<<<<
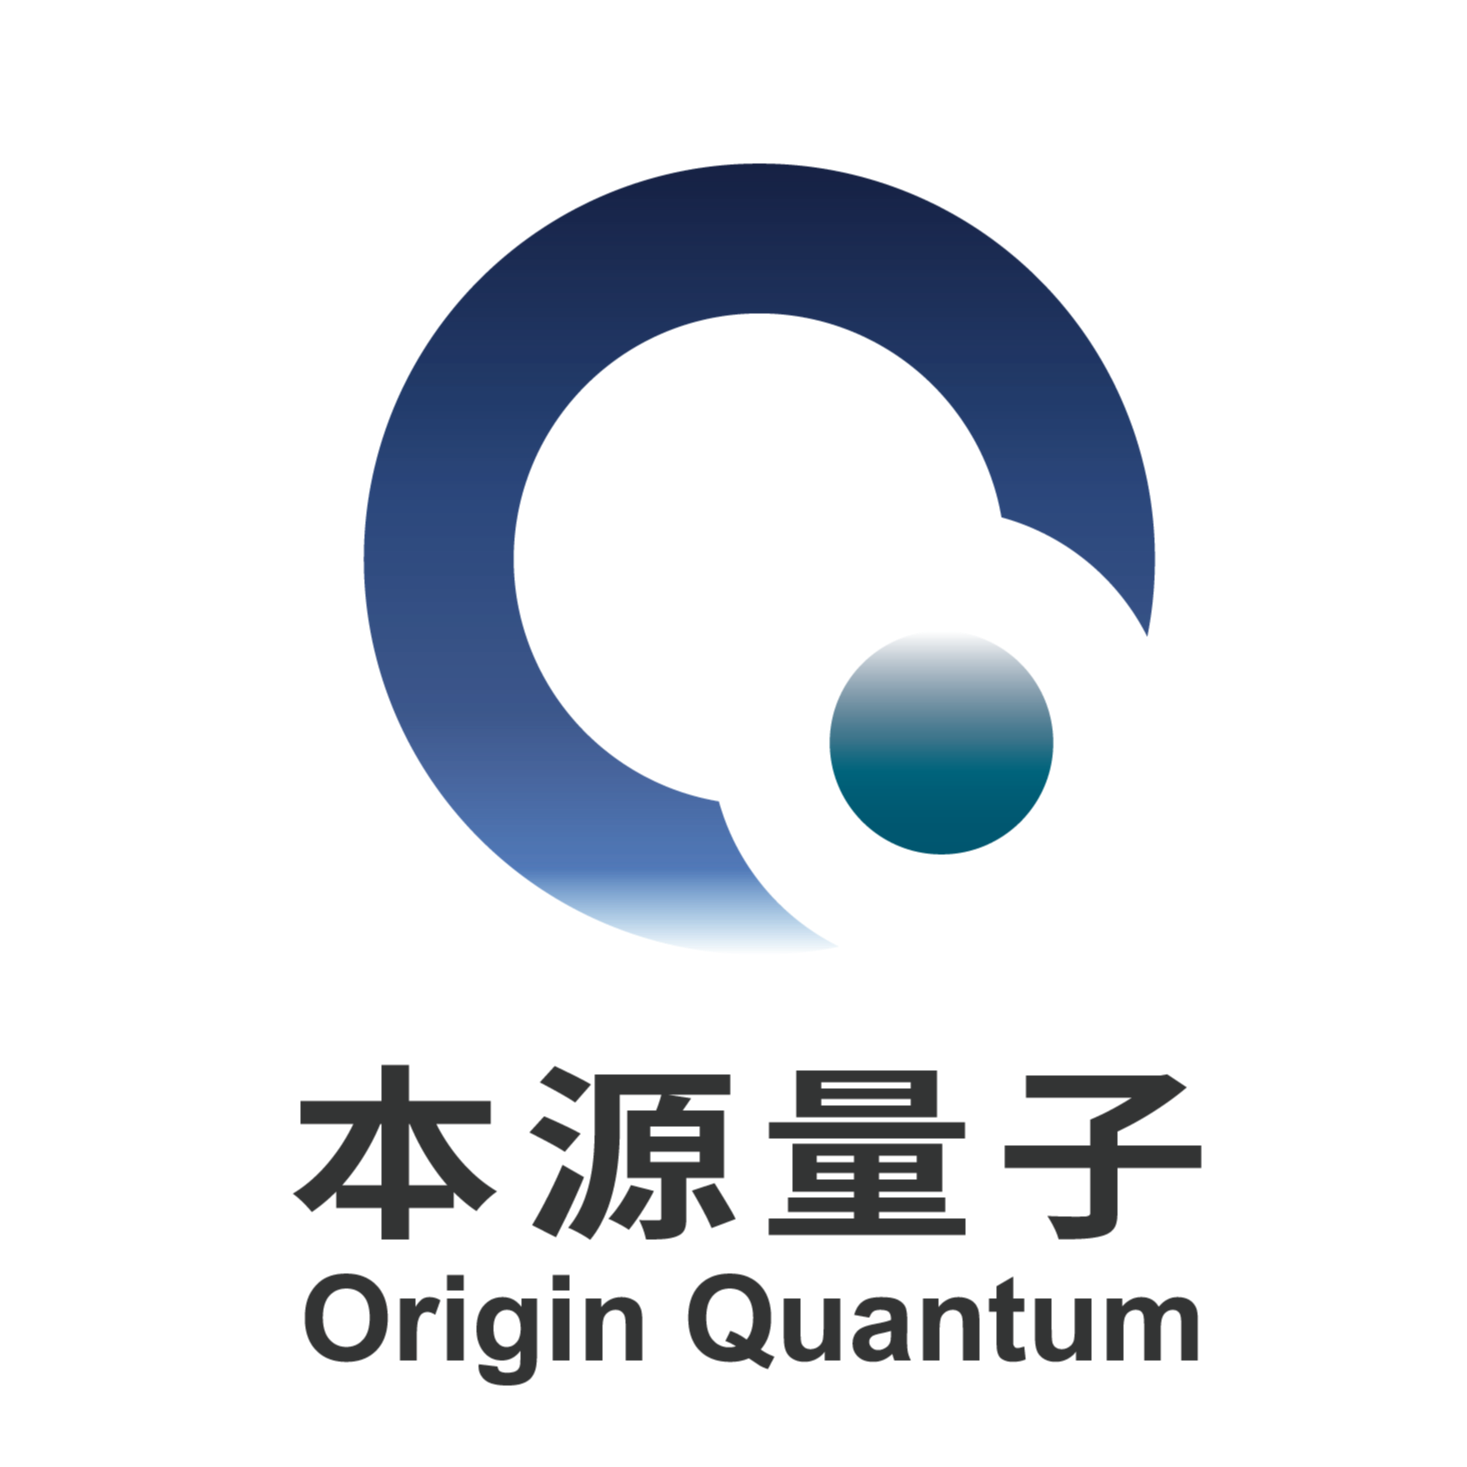 量子计算及其应用——龙湖大讲堂
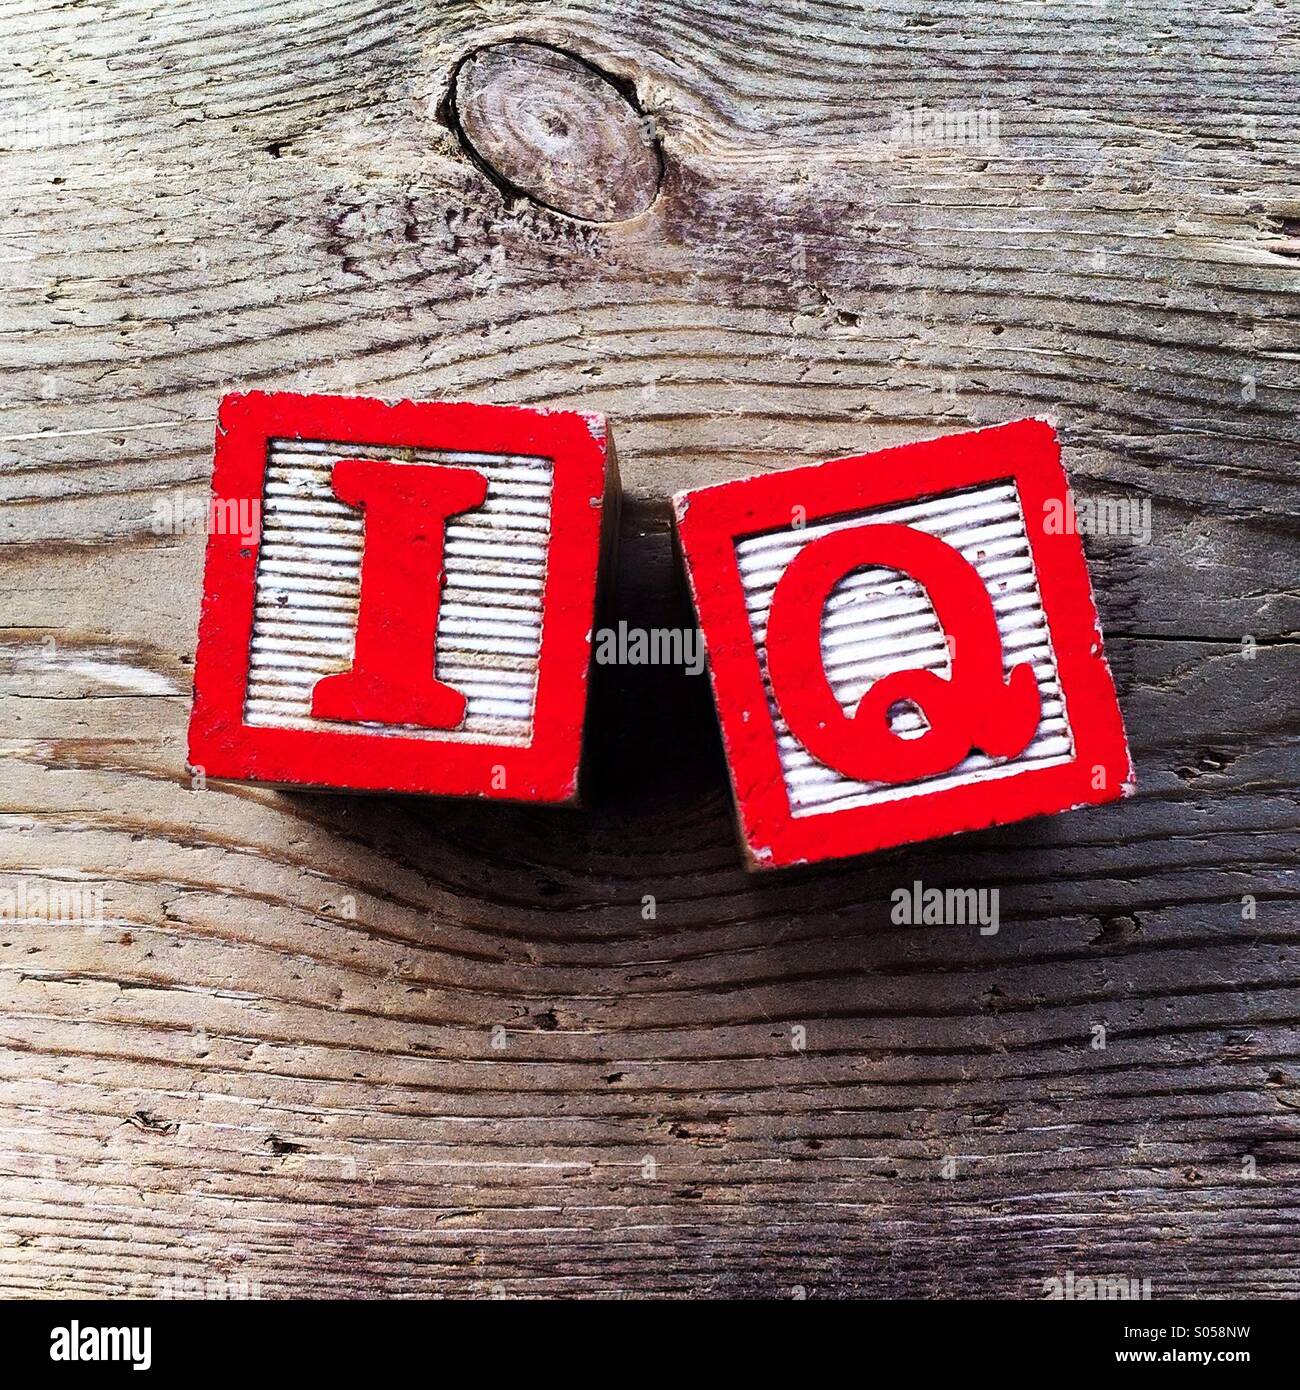 C'est une photo de deux cubes en bois jouet avec des lettres qui forment le mot IQ Banque D'Images
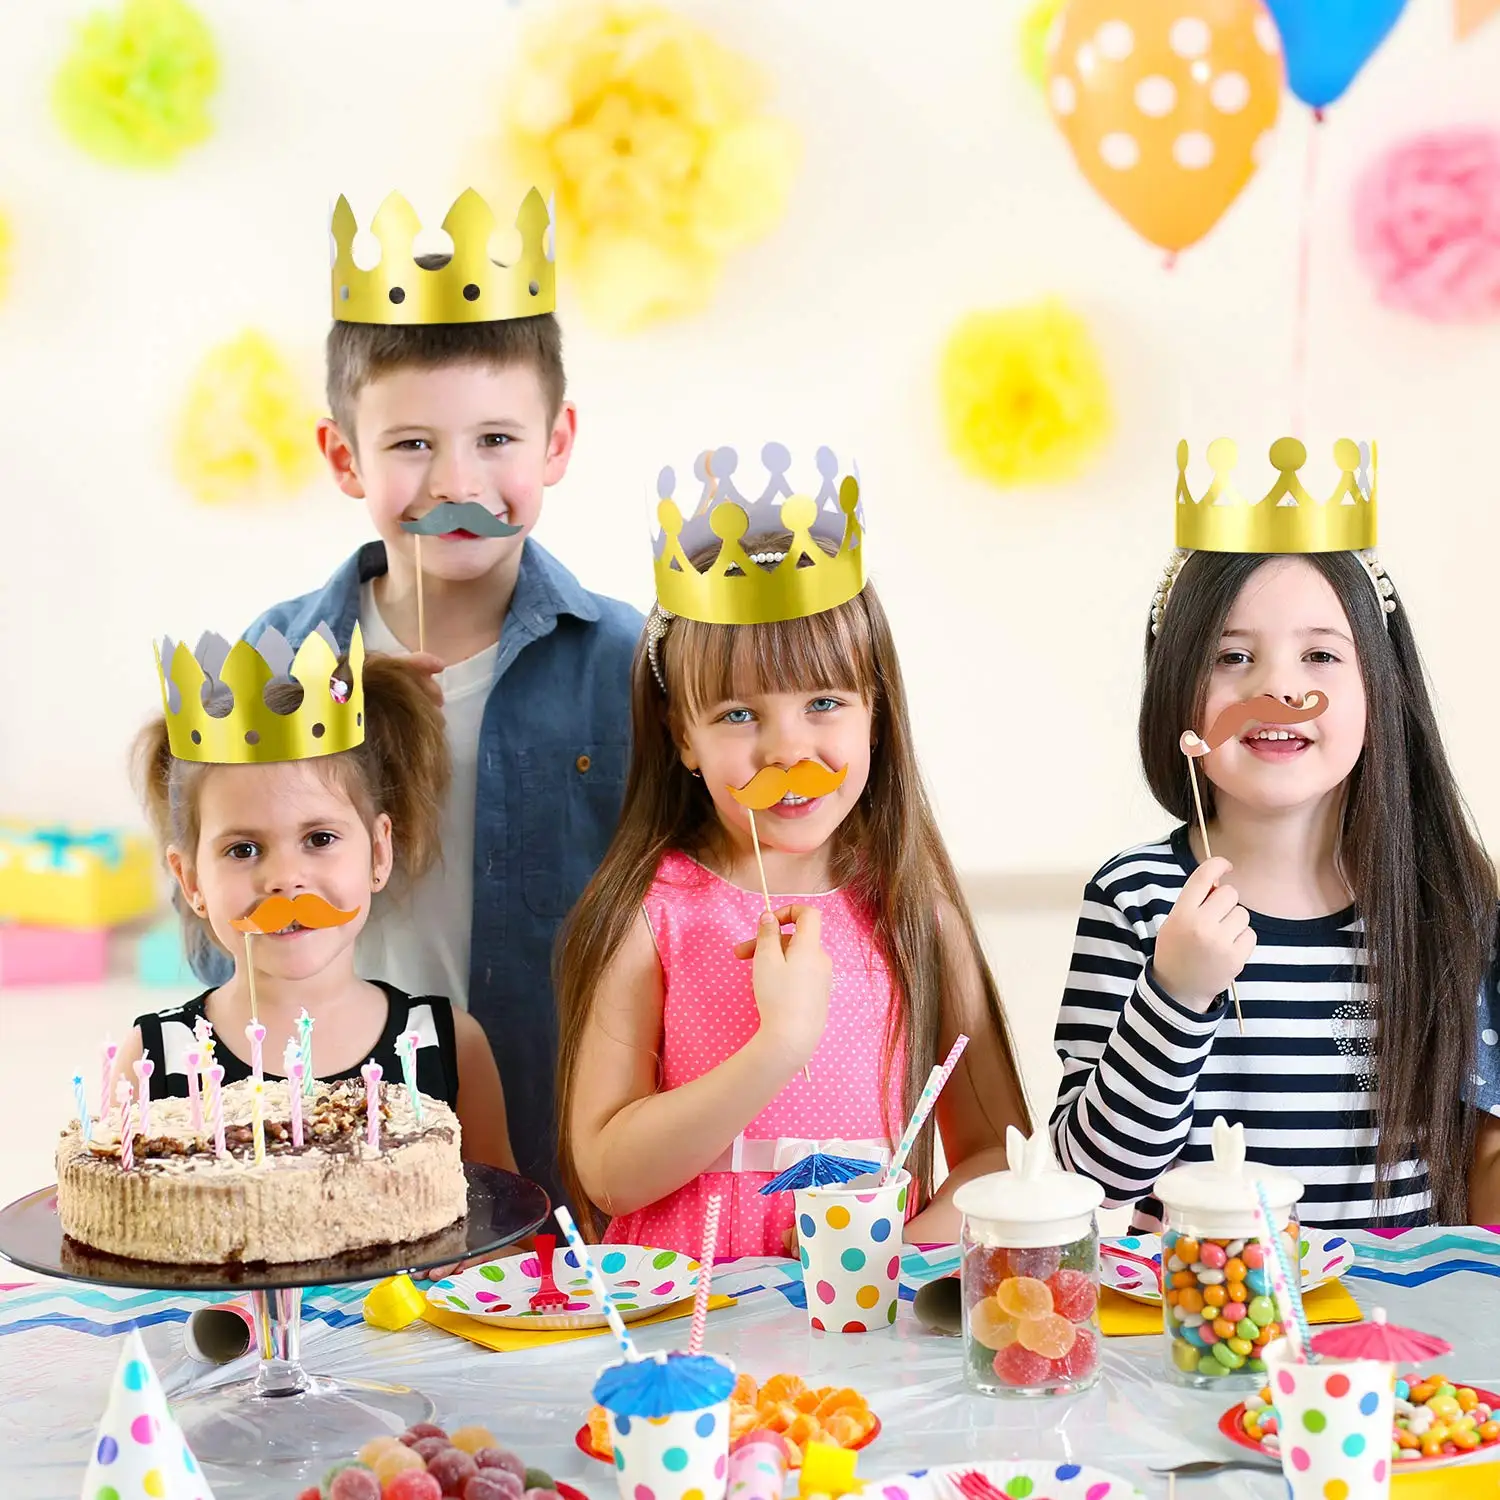 JINGYOU Coronas de Papel Dorado,Corona de Fiesta Sombreros de Papel,Rey de La Fiesta Corona,Corona de Papel de Fiesta,Sombreros Cumpleaños Fiesta,Fun Birthday Party Sombreros para Niños Y Adultos 
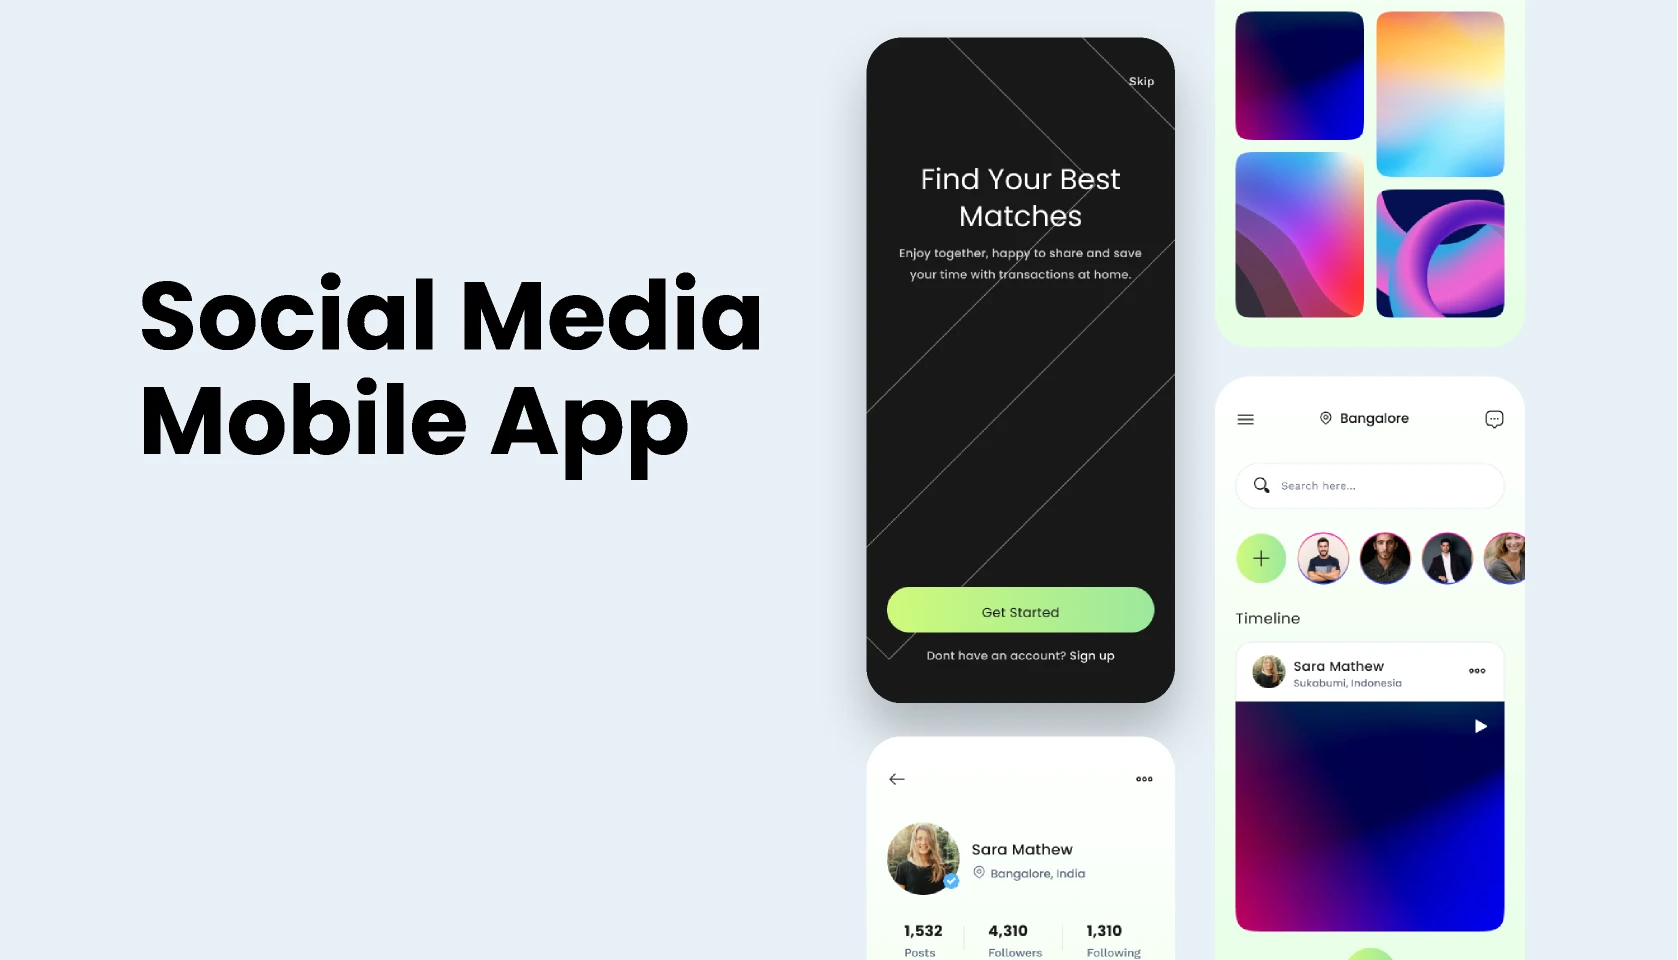 Social Media Mobile App - UI Design for Figma and Adobe XD
>>>>
WHAT THE EXERCISE ASKS
Omit the pictures and repeat the rest of the listing verbatim.

RESPONSE FOR THIS EXERCISE
 量子计算及其应用——龙湖大讲堂
 C'est une photo de deux cubes en bois jouet avec des lettres qui forment le mot IQ Banque D'Images
 JINGYOU Coronas de Papel Dorado,Corona de Fiesta Sombreros de Papel,Rey de La Fiesta Corona,Corona de Papel de Fiesta,Sombreros Cumpleaños Fiesta,Fun Birthday Party Sombreros para Niños Y Adultos 
 Social Media Mobile App - UI Design for Figma and Adobe XD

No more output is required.